Sunday, October 28, 2012

Brussel Sprouts with Clementines and Pecans AND a Balsamic Reduction

I recently made some awesome Brussel sprouts, and I can't not share my recipe with the world. These babies accompanied a rosemary and garlic rubbed pork tenderloin (yes, it was amazing). Yum in my tum. AND they were right off of the stalk. If you've never seen a Brussel sprout stalk before (I hadn't until Trader Joe's, bless their souls), it sort of looks like a jingle bells stick. Except green, edible, and a lot heavier. I also happened to have tons of little clementines, and thought, "HEY why not brighten up some sprouts with these citrus delights and see what magic happens?"

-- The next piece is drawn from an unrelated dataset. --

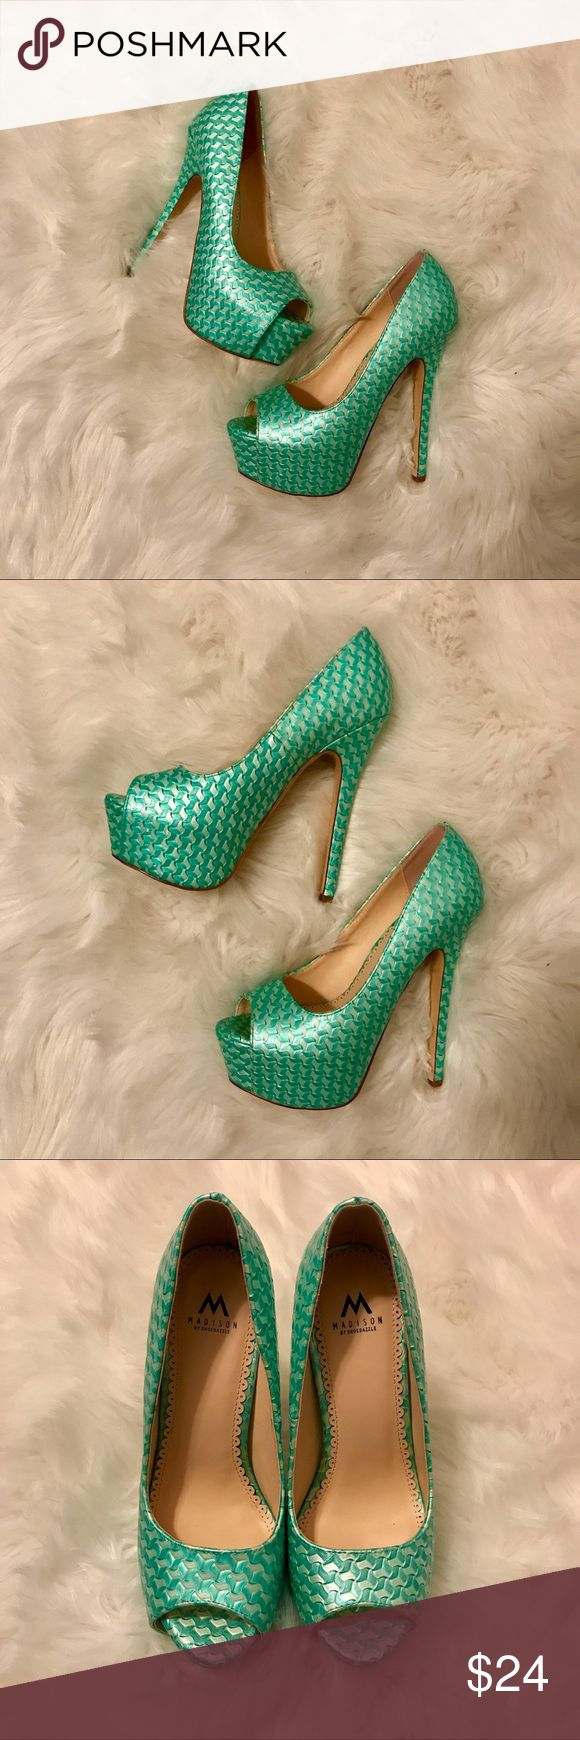 ShoeDazzle Turquoise/Seafoam Green Peep Toe Pumps ShoeDazzle Turquoise/Seafoam Green Peep Toe Pumps Shoe Dazzle Shoes Platforms

The Art of Cooking - with TealTheRealDeal

THE PLAYERS

4 cups quartered sprouts (about half a stalk)
3 or so clementines, coarsely chopped, de-pitted, and (time for the pithy jokes...) piths removed
a handful or however many you want of pecans, toasted, please
1 1/4 cups balsamic vinegar
some olive oil
S&P

IN DA CLUB

Rinse the sprouts and plop them into a large pan, around medium heat, with about 2 tablespoons of olive oil. Let those puppies get nice and tan. Add a little salt and pepper just to get crazy...and because either Alton Brown or Lynne Rosetto Kasper said salt brings out the flavors of the veg.

After they've bronzed up a bit (or as much as you want them to), invite the clementines and pecans to the sprouts party. Encourage them to mingle and dance it out. Turn off the heat.

As the sprouts are cooking, reduce the balsamic vinegar (boil until it becomes syrupy) in a small saucepan. This may take a little longer than you'd expect. I added a little pinch of sugar, just for kicks. Not sure if it actually did anything to help the process, though.

After the balsamic has reduced to liquid gold, pour it over the sprouts, clementines, and pecans. Everyone knows liquid goodness makes any party that much better.

ENJOY.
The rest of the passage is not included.